- **SUPPLIED MATERIAL**
Segment Open

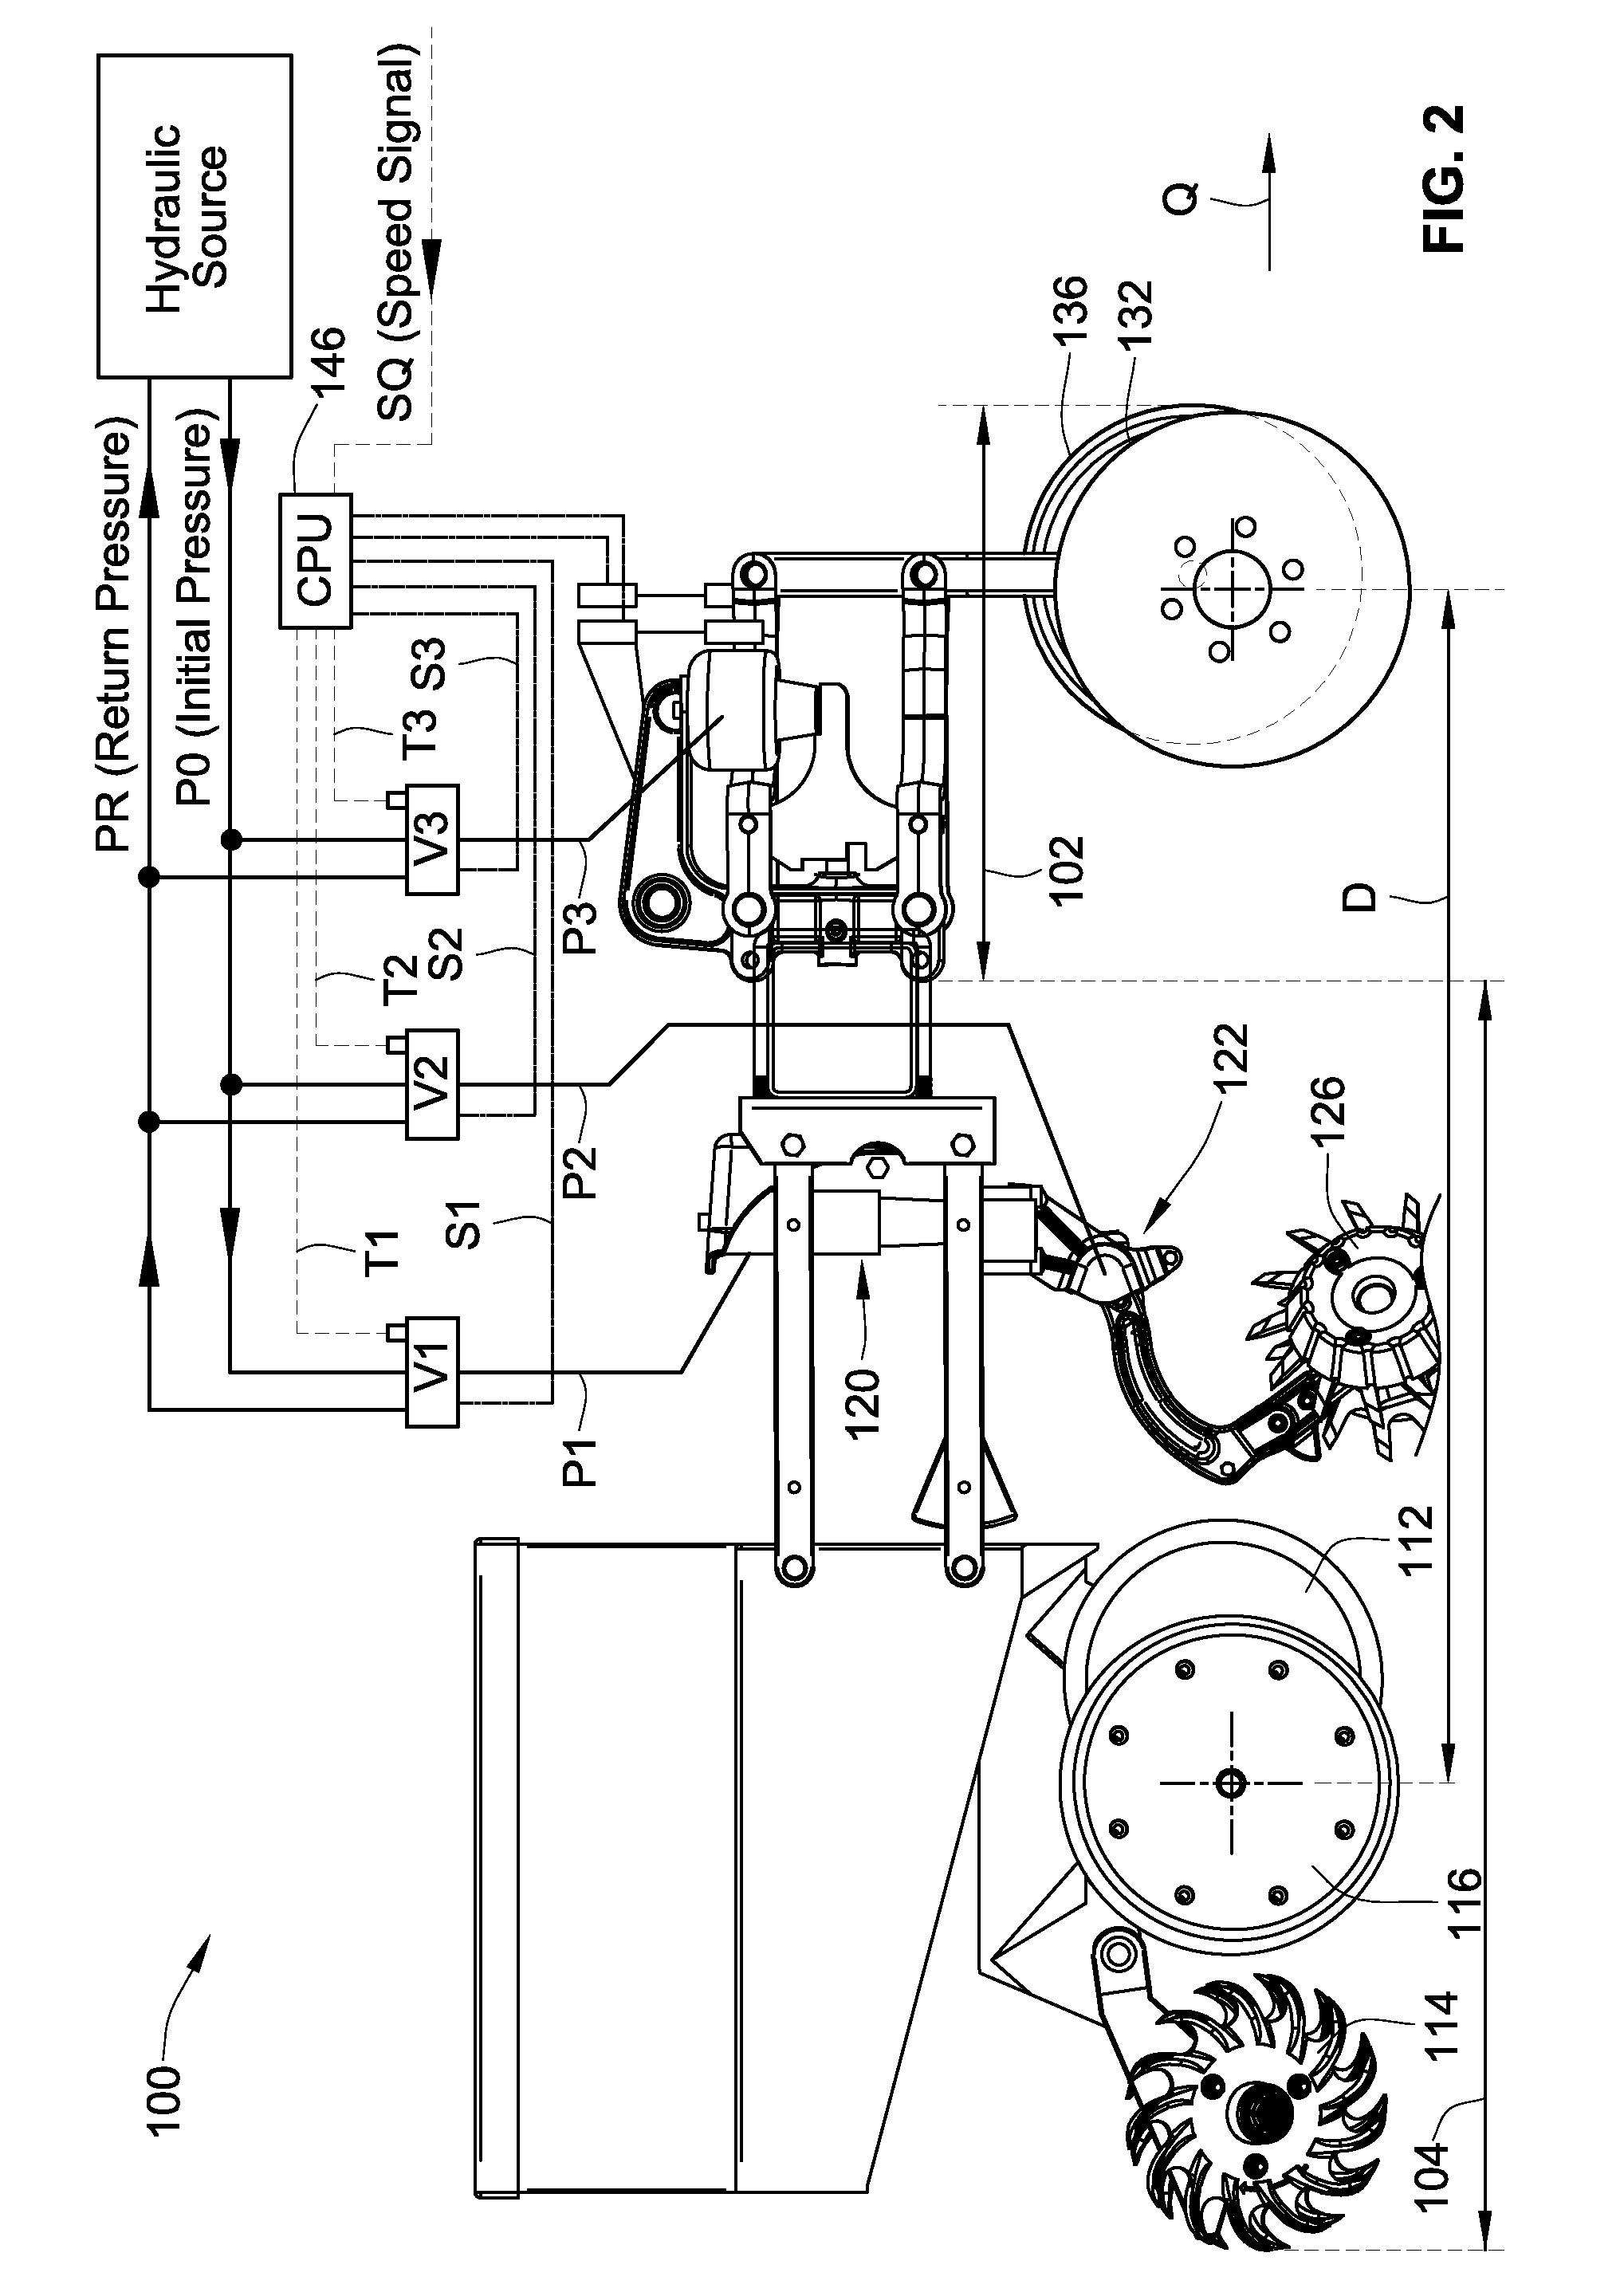 Agricultural apparatus for sensing and providing feedback of soil property changes in real time
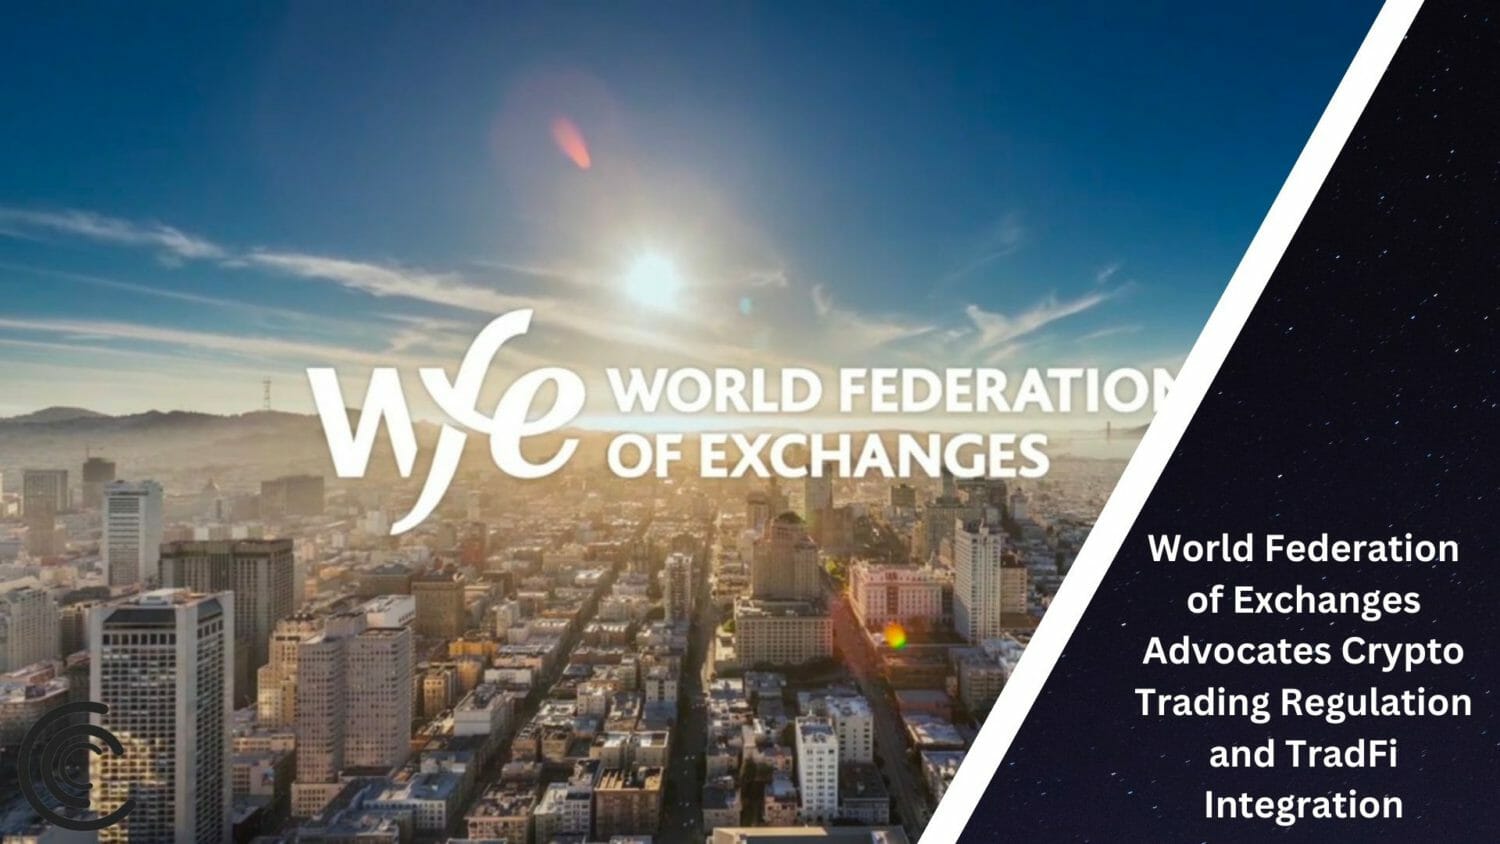 World Federation Of Exchanges Advocates Crypto Trading Regulation And Tradfi Integration
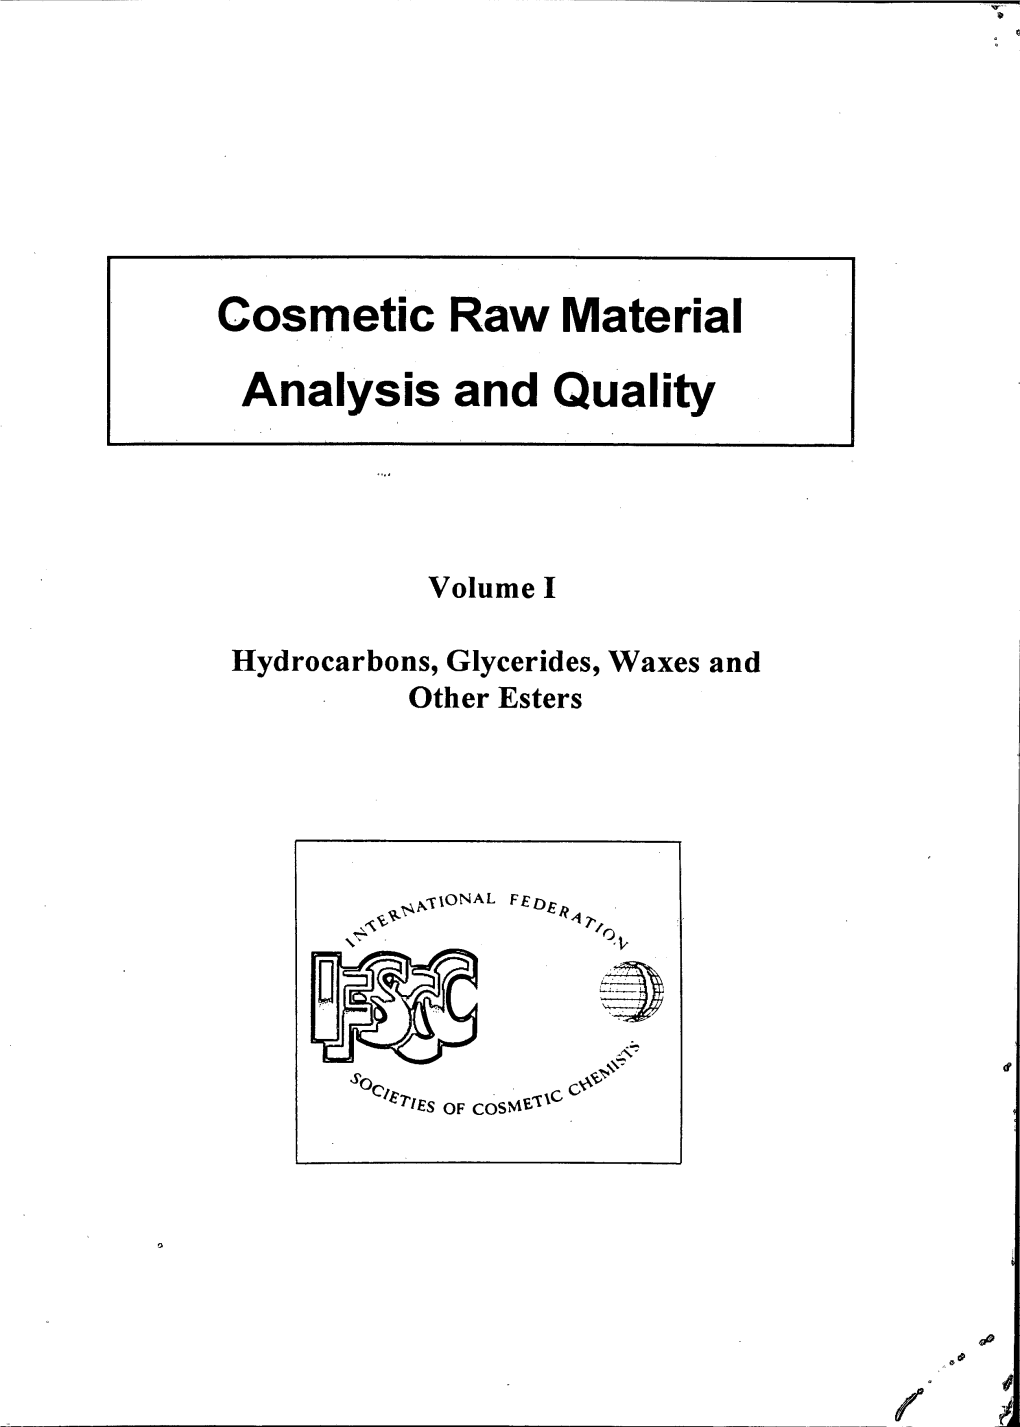 Cosmetic Raw Material Analysis and Quality

Segment Closed

- **TASK OBJECTIVE**
Without the pictures, retype exactly the lines from the one that holds "World Federation Of" to the last line of the data above, both of them included.

- **SOLUTION BELOW**
 World Federation Of Exchanges Advocates Crypto Trading Regulation And Tradfi Integration
 Cosmetic Raw Material Analysis and Quality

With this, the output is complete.